Bharat Bhargava

Professor Bharat Bhargava is conducting research in security issues in mobile and ad hoc networks. This involves host authentication and key management, secure routing and dealing with malicious hosts, adaptability to attacks, and experimental studies. Related research is in formalizing evidence, trust, and fraud. Applications in e-commerce and transportation security are being tested in a prototype system. He has proposed schemes to identify vulnerabilities in systems and networks, and assess threats to large organizations. He has developed techniques to avoid threats that can lead to operational failures. The research has direct impact on nuclear waste transport, bio-security, disaster management, and homeland security. These ideas and scientific principles are being applied to the building of peer-to-peer systems, cellular-assisted mobile ad hoc networks, and to the monitoring of QoS-enabled network domains.

His research group consists of nine PhD students and two postdocs. Seed grants supported by CERIAS have led to six NSF grants active concurrently. In addition, DARPA, IBM, and CISCO have provided contracts and gift funds.

Professor Bhargava was the chairman of the IEEE Symposium on Reliable and Distributed Systems held at Purdue in October 1998. Professor Bhargava is on the editorial board of three international journals. In the 1988 IEEE Data Engineering Conference, he and John Riedl received the award for best paper for their work on "A Model for Adaptable Systems for Transaction Processing." Professor Bhargava is a Fellow of the Institute of Electrical and Electronics Engineers and of the Institute of Electronics and Telecommunication Engineers.
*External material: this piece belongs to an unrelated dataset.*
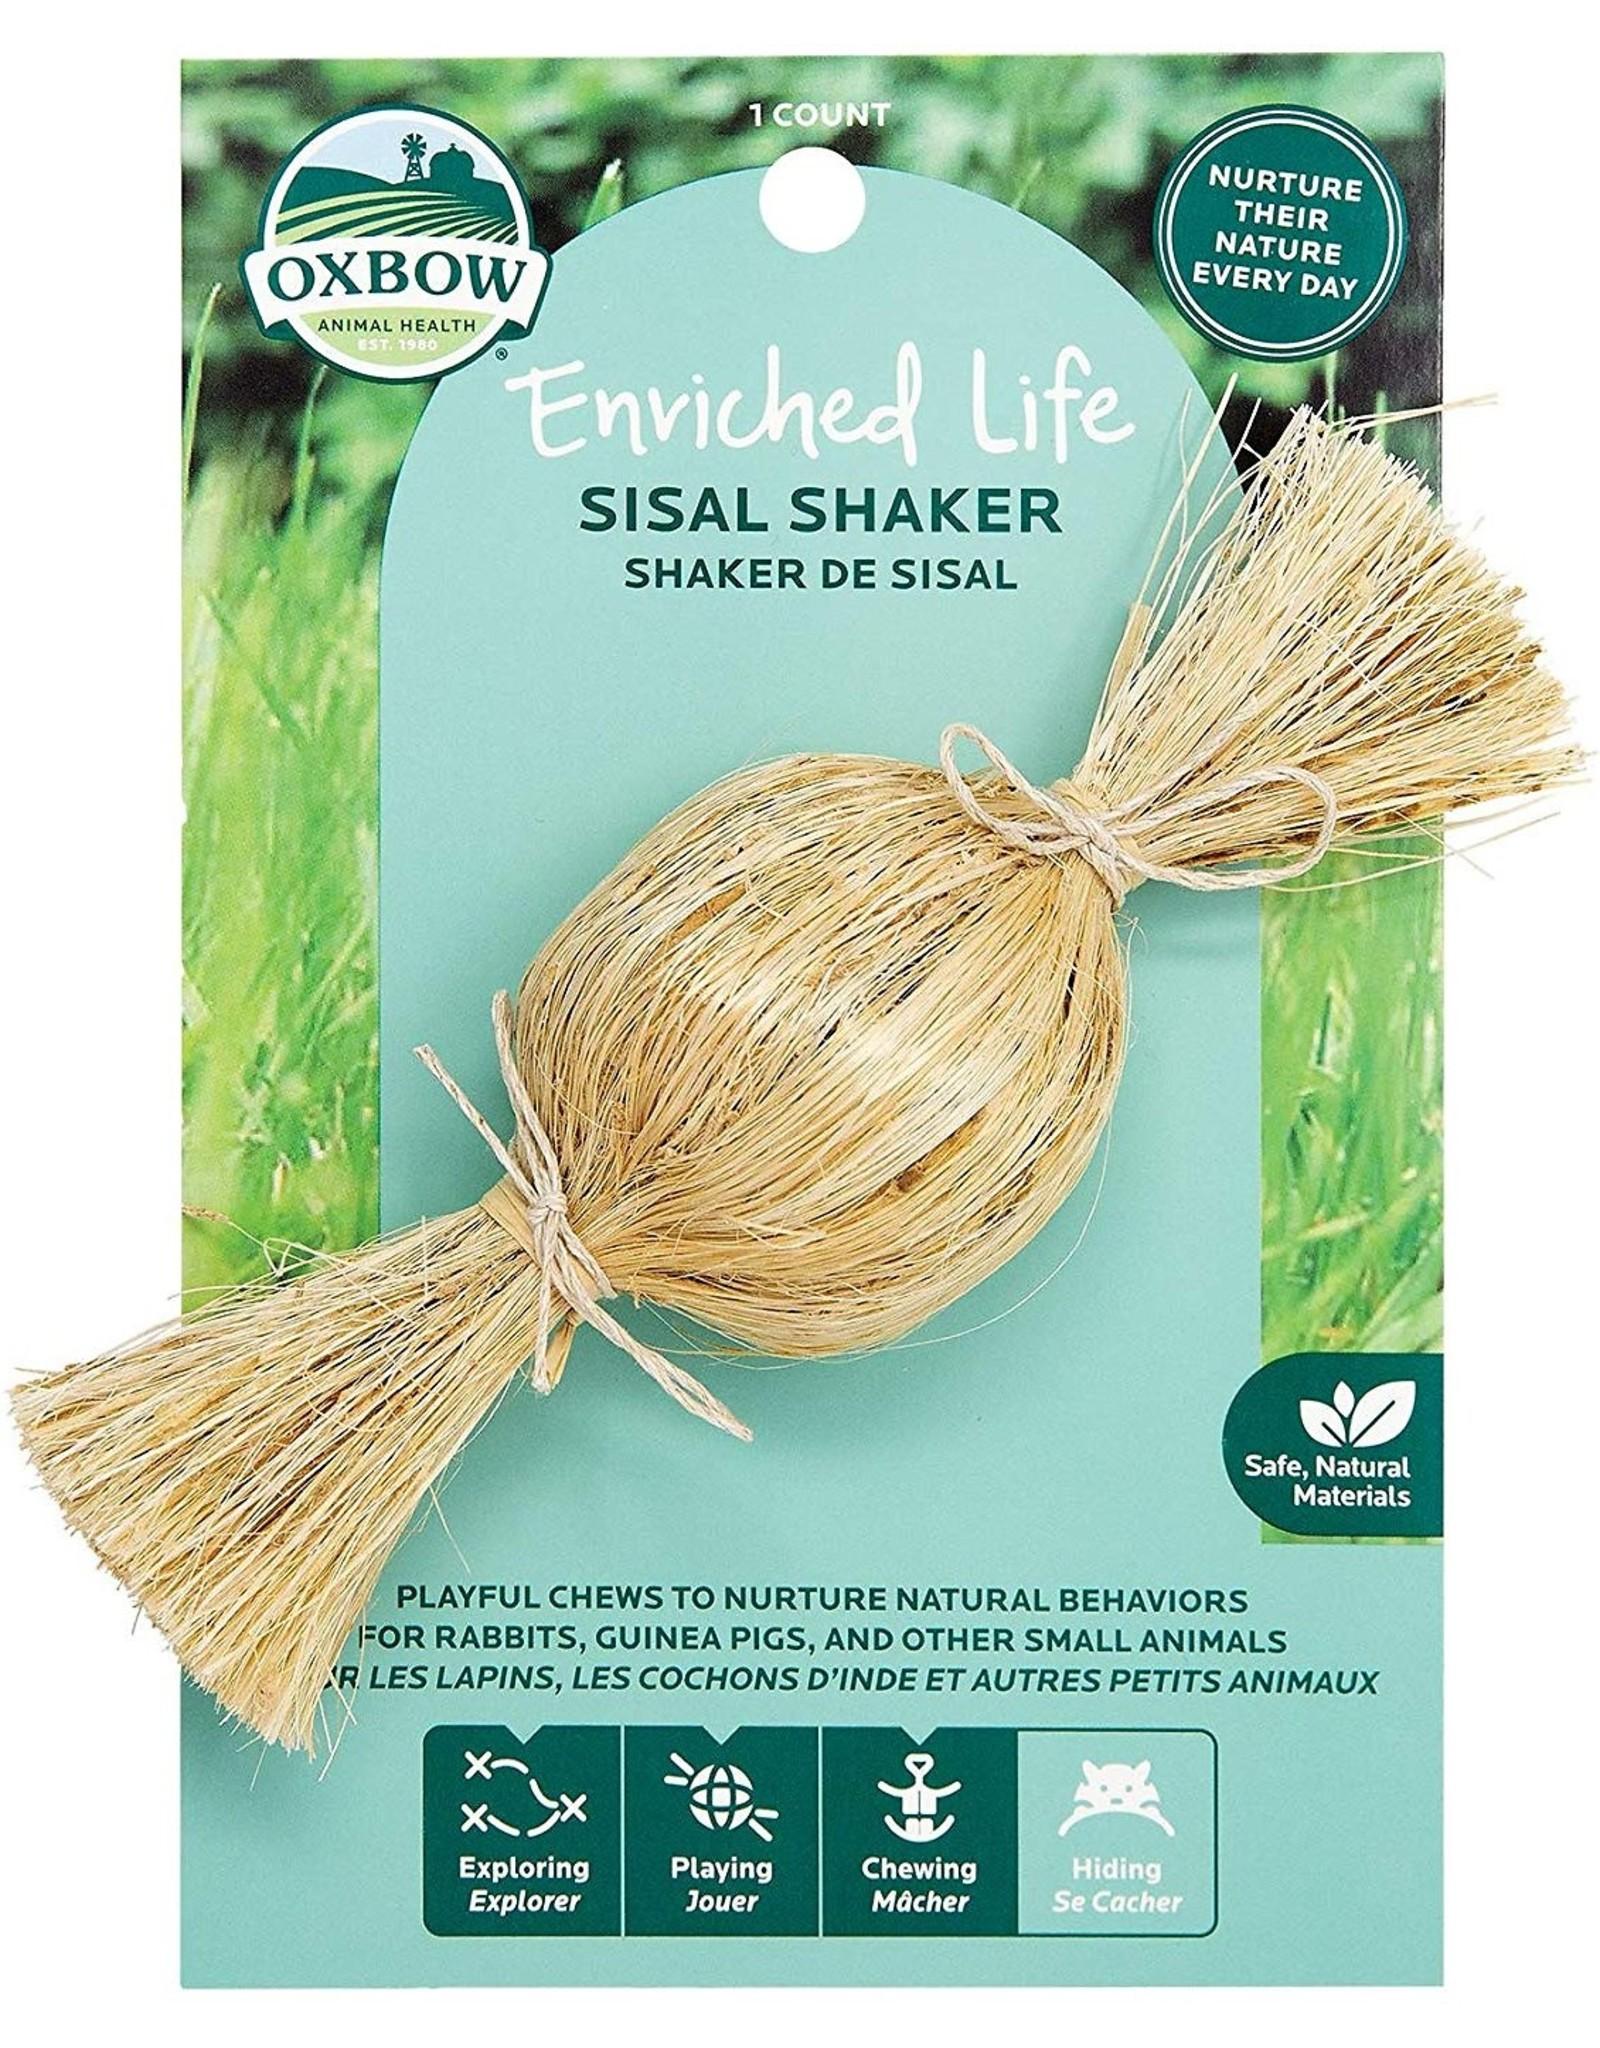 Oxbow Animal Health OXBOW ENRICHED LIFE SISAL SHAKER SMALL ANIMAL TOY

He has been awarded the charter Gold Core Member distinction by the IEEE Computer Society for his distinguished service. He received Outstanding Instructor Awards from the Purdue chapter of the ACM in 1996 and 1998. In 1999 he received IEEE Technical Achievement award for a major impact of his decade long contributions to foundations of adaptability in communication and distributed systems.

The RAID laboratory at Purdue University has facilities to conduct both theoretical and experimental studies in networking. They include network communication measurement experiments, analysis of communication infrastructure, adaptability experiments for distributed systems, and peer-to-peer systems. Experimental studies involve a variety of subjects in security: secure routing and intruder identification in mobile ad hoc networks, authentication and key management in mobile systems, trust assessment and prediction, monitoring network domains to detect service violations and DoS attacks, and vulnerabilities and attacker behaviors.

The laboratory has a network of workstations running the RAID distributed system. In addition, mini-RAID, a variety of communication libraries and enhancements to the network simulator ns2, the WANCE tool, and ADNET are available.